In Table 3, when K increases, the number of frequent patterns found solely by the MineFPTree task reduces because more mining workload is shifted to the MineBitVector task. Let {K0, K1, …, Kn} be the set of all values of K, where Ki = Ki–1 + 32; Pi is the number of frequent patterns generated by the MineFPTree task when Ki is applied; and Ri is the ratio indicating the difference between Pi and Pi–1. Ri is computed as Ri = Pi–1/Pi, i = 1, …, n.

Our intensive empirical study indicates that good mining performance is achieved with Ki that satisfies: Ri<2(Rj<2,j>i). In other words, FEM will perform best (near optimal) at the smallest Ki, where increasing K does not result in a sharp drop in the number of frequent patterns found by the MineFPTreetask. In the example in Table 3, the Ki that satisfies this condition is 224, and its runtime is 871 s. Although this result is promising, the challenge is that this Ki can only be specified when the mining process completes and all Pi and Ri have been computed. We have developed a practical method to predict a value of K that is close to or equal to the best Ki. The predicted value is based on all Pi’s estimated dynamically at runtime as described in UpdateK algorithm in Figure 9. In this algorithm, K is the global threshold initialized to zero, N is the number of different threshold values, Ki, that are being considered (default value N=9), Step is the distance between Ki and Ki1 (default value Step=32); and P[N] is an array whose the ith element stores the number of frequent patterns Pi estimated from all conditional pattern bases of the MineFPTree task. The elements of P[N] are initialized to zero and are regularly updated using the UpdateK algorithm everytime a new conditional pattern base is processed. K is then updated with a new value newKif newK satisfies the condition stated above. In Figure 9, NewPatterns indicates the number of new frequent patterns and is equal to the number of items in C (conditional pattern base); Size is the size of the C.

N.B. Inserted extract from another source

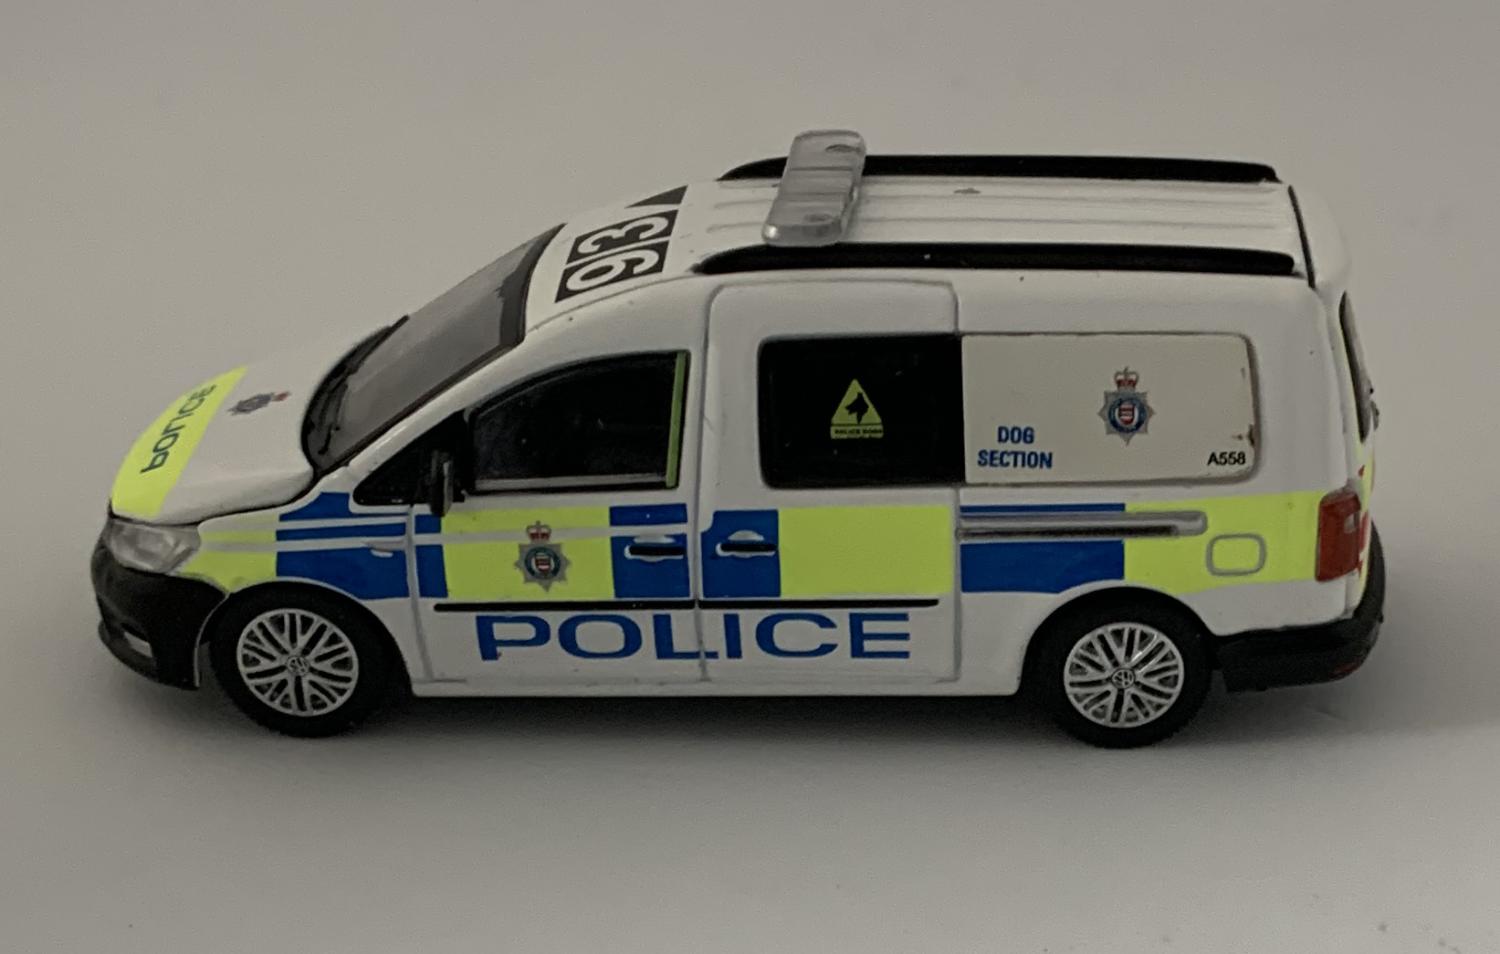 VW Caddy Maxi London Police (Police Dog Unit) 1:64 scale model from ERA Car

Figure 9 UpdateK Algorithm.
Figure 9

UpdateK Algorithm.

5.2 Algorithmic Description

DFEM uses UpdateK algorithm (Figure 9) to dynamically select the value of K at runtime and using it to adapt its mining behaviors to the characteristics of processed data better than FEM. DFEM consists of four sub algorithms: DFEM (Figure 10), UpdateK (Figure 9), MineFPTree* (Figure 11), and MineBitVector (Figure 6). MineBitVector of DFEM is similar to the one of FEM, shown in Figure 6.

Figure 10 DFEM Algorithm.
Figure 10

DFEM Algorithm.

Figure 11 MineFPTree* Algorithm.
Figure 11

MineFPTree* Algorithm.

DFEM algorithm builds the FP-tree, initializes the variables used by UpdateK and invokes the MineFPTree*. The variables in lines 3–6 must be declared in a scope that UpdateK can access and update.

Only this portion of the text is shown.